DATA TO EXAMINE

····················

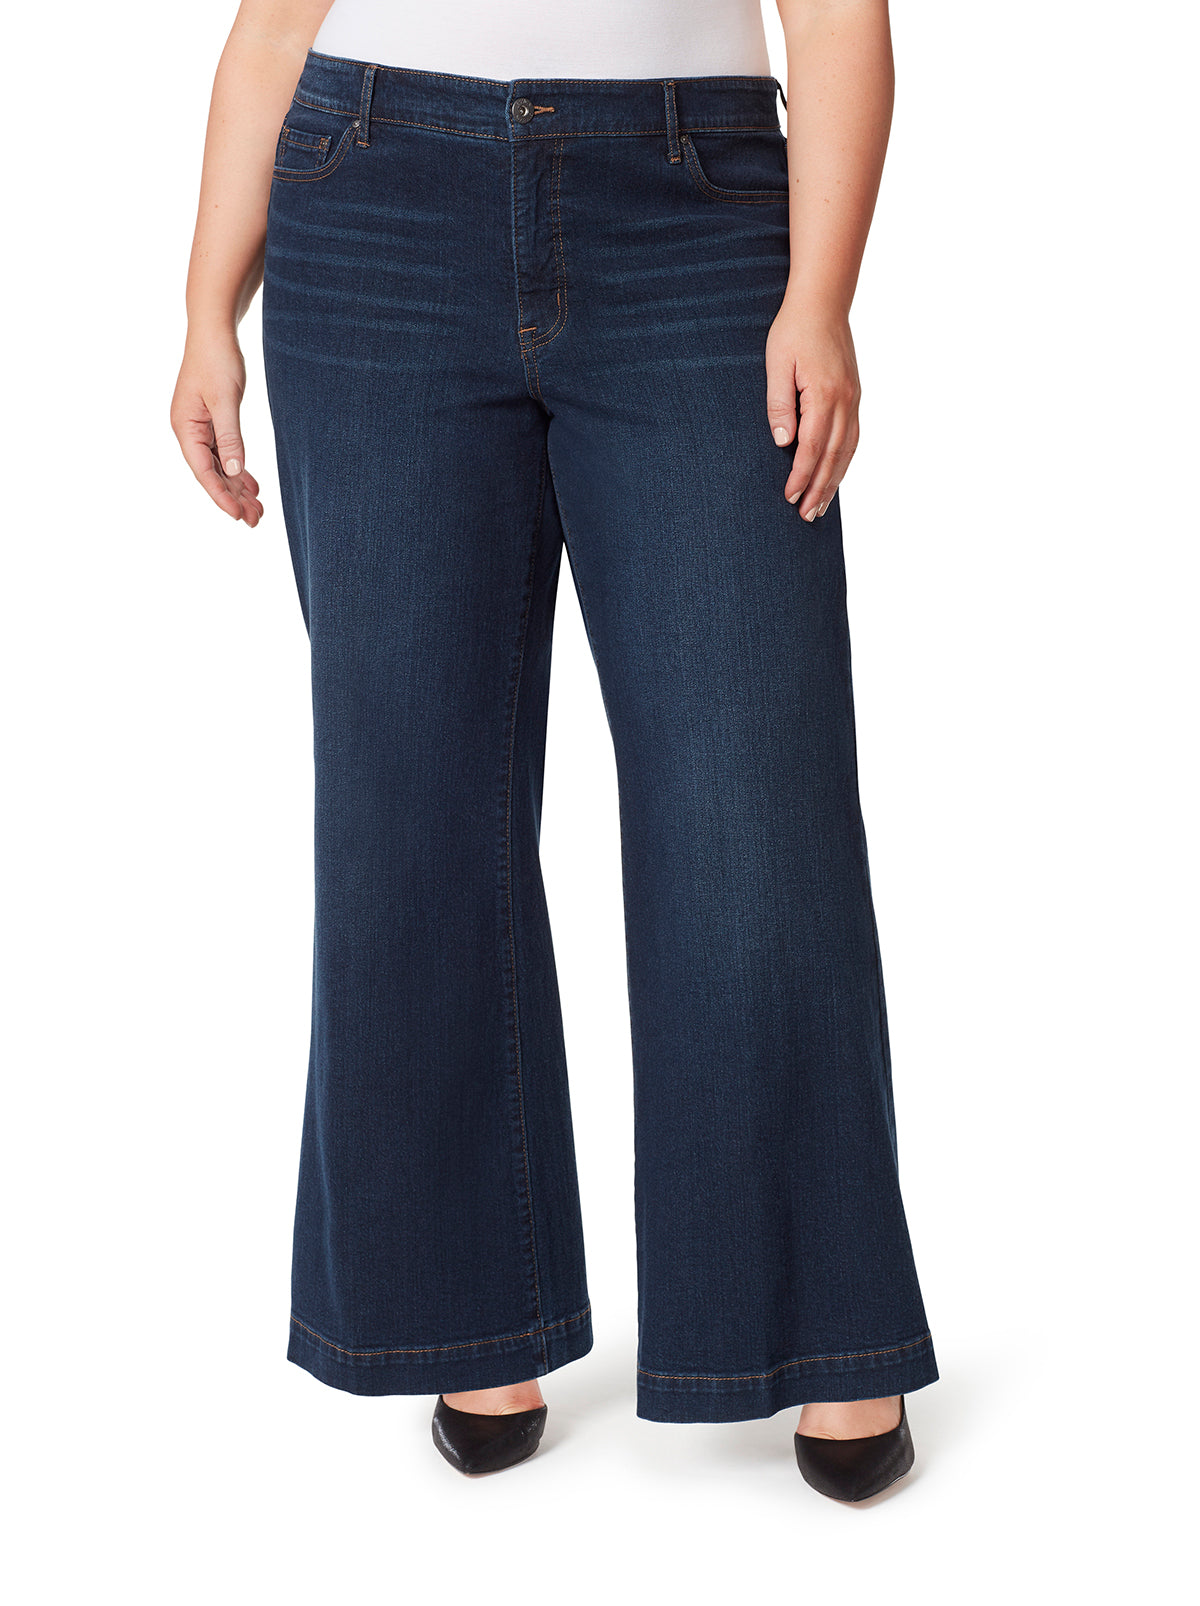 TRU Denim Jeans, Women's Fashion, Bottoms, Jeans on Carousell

····················

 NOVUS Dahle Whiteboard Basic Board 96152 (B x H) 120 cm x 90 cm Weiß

····················

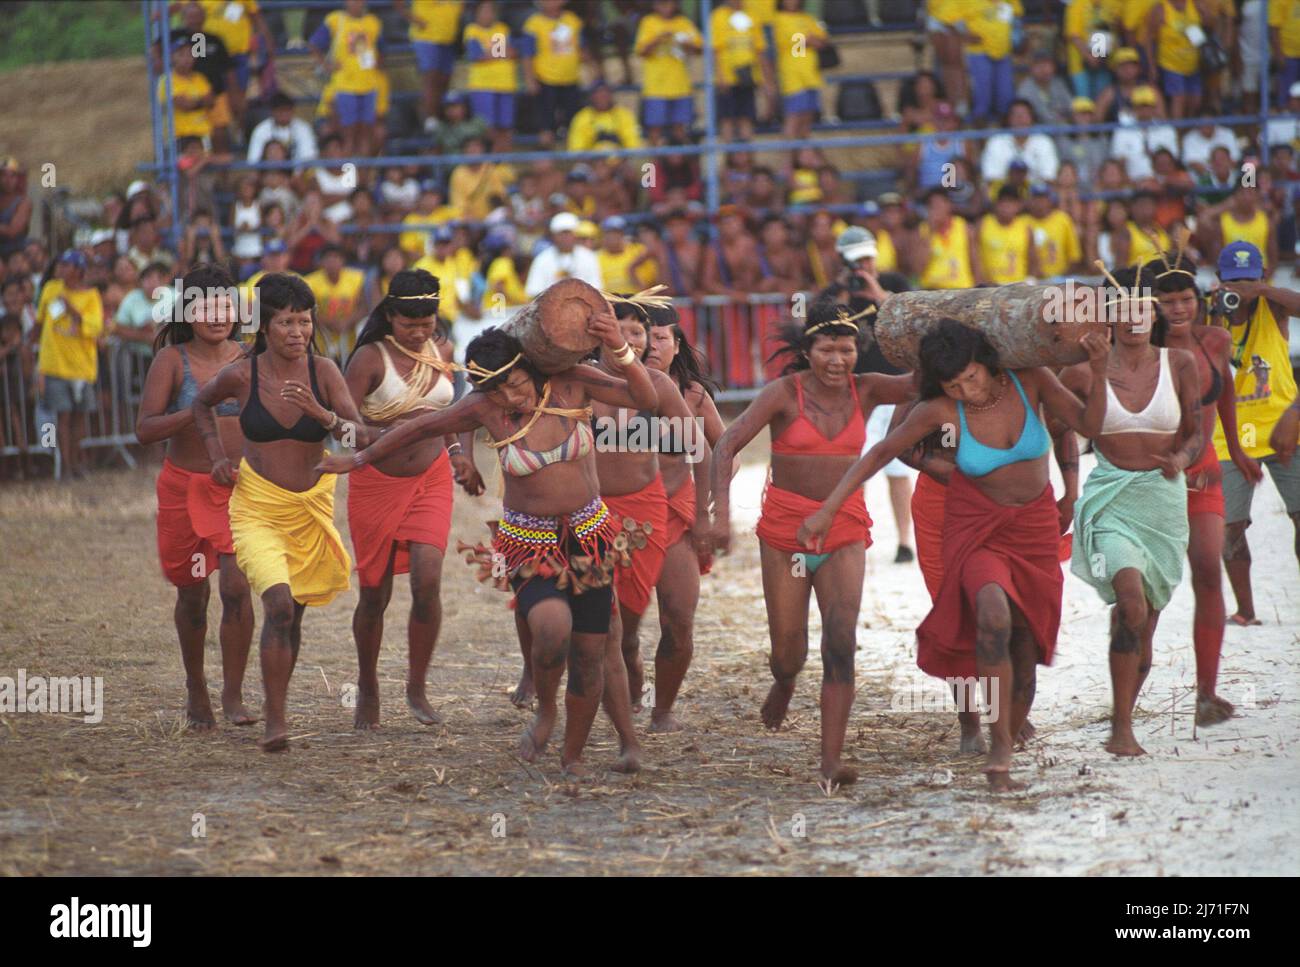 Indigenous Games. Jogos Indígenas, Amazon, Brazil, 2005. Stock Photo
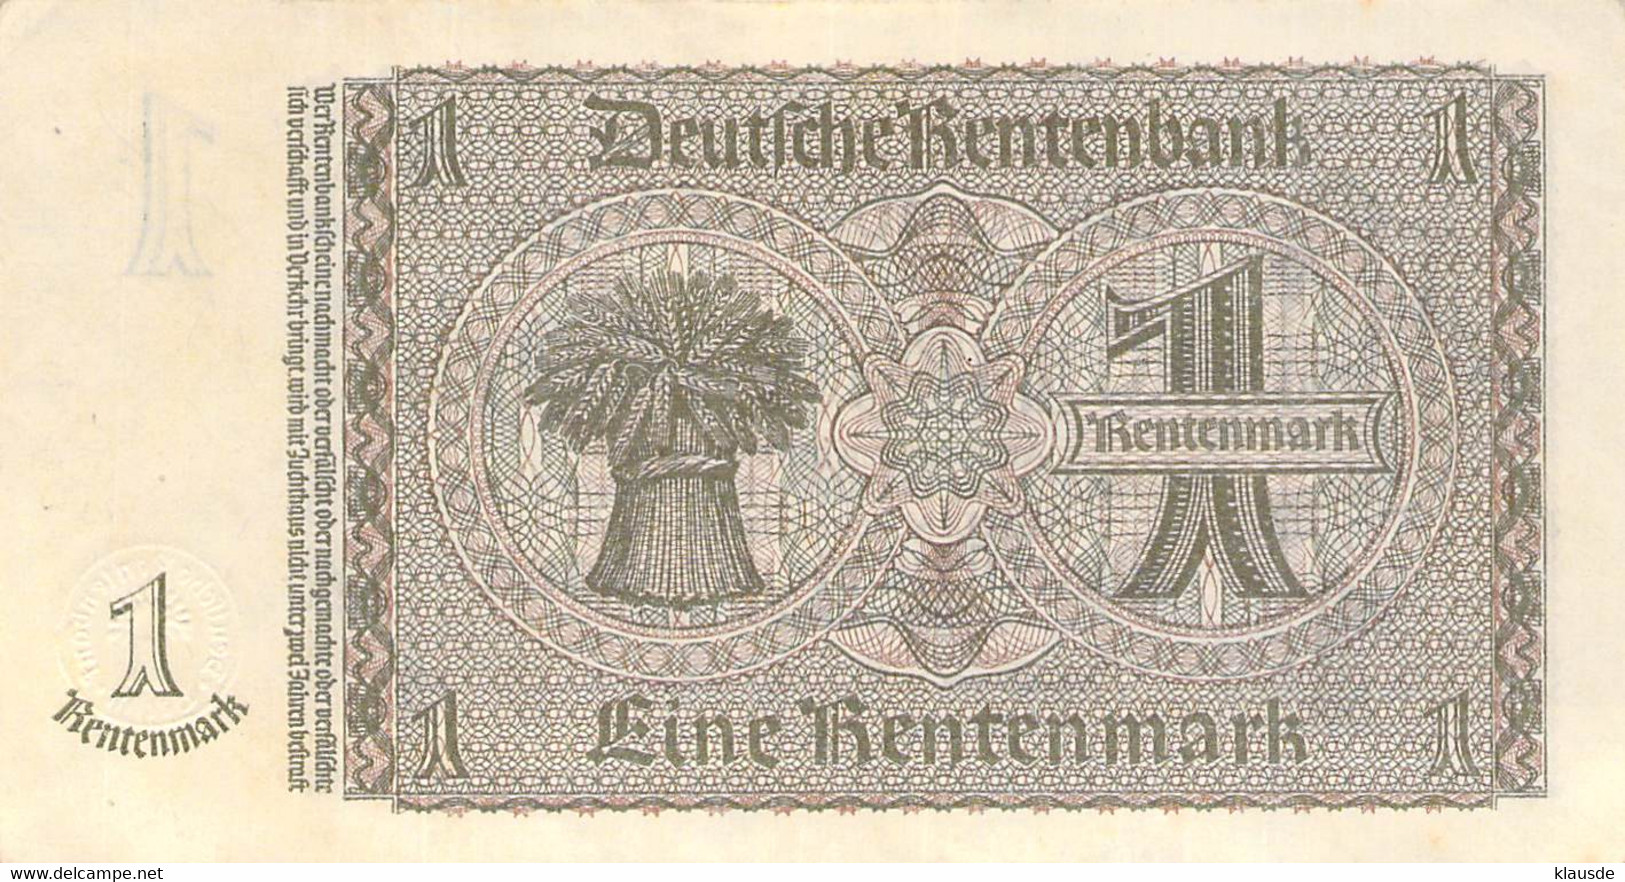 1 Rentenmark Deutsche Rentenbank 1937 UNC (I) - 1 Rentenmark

····················

EXERCISE BRIEF
Using the data above, which lines fall from the one with "Indigenous Games. Jogos" through the one with "1 Rentenmark Deutsche"? Repeat them exactly, ends included, minus any pictures.

RESPONSE TO THE TASK
 Indigenous Games. Jogos Indígenas, Amazon, Brazil, 2005. Stock Photo
 1 Rentenmark Deutsche Rentenbank 1937 UNC (I) - 1 Rentenmark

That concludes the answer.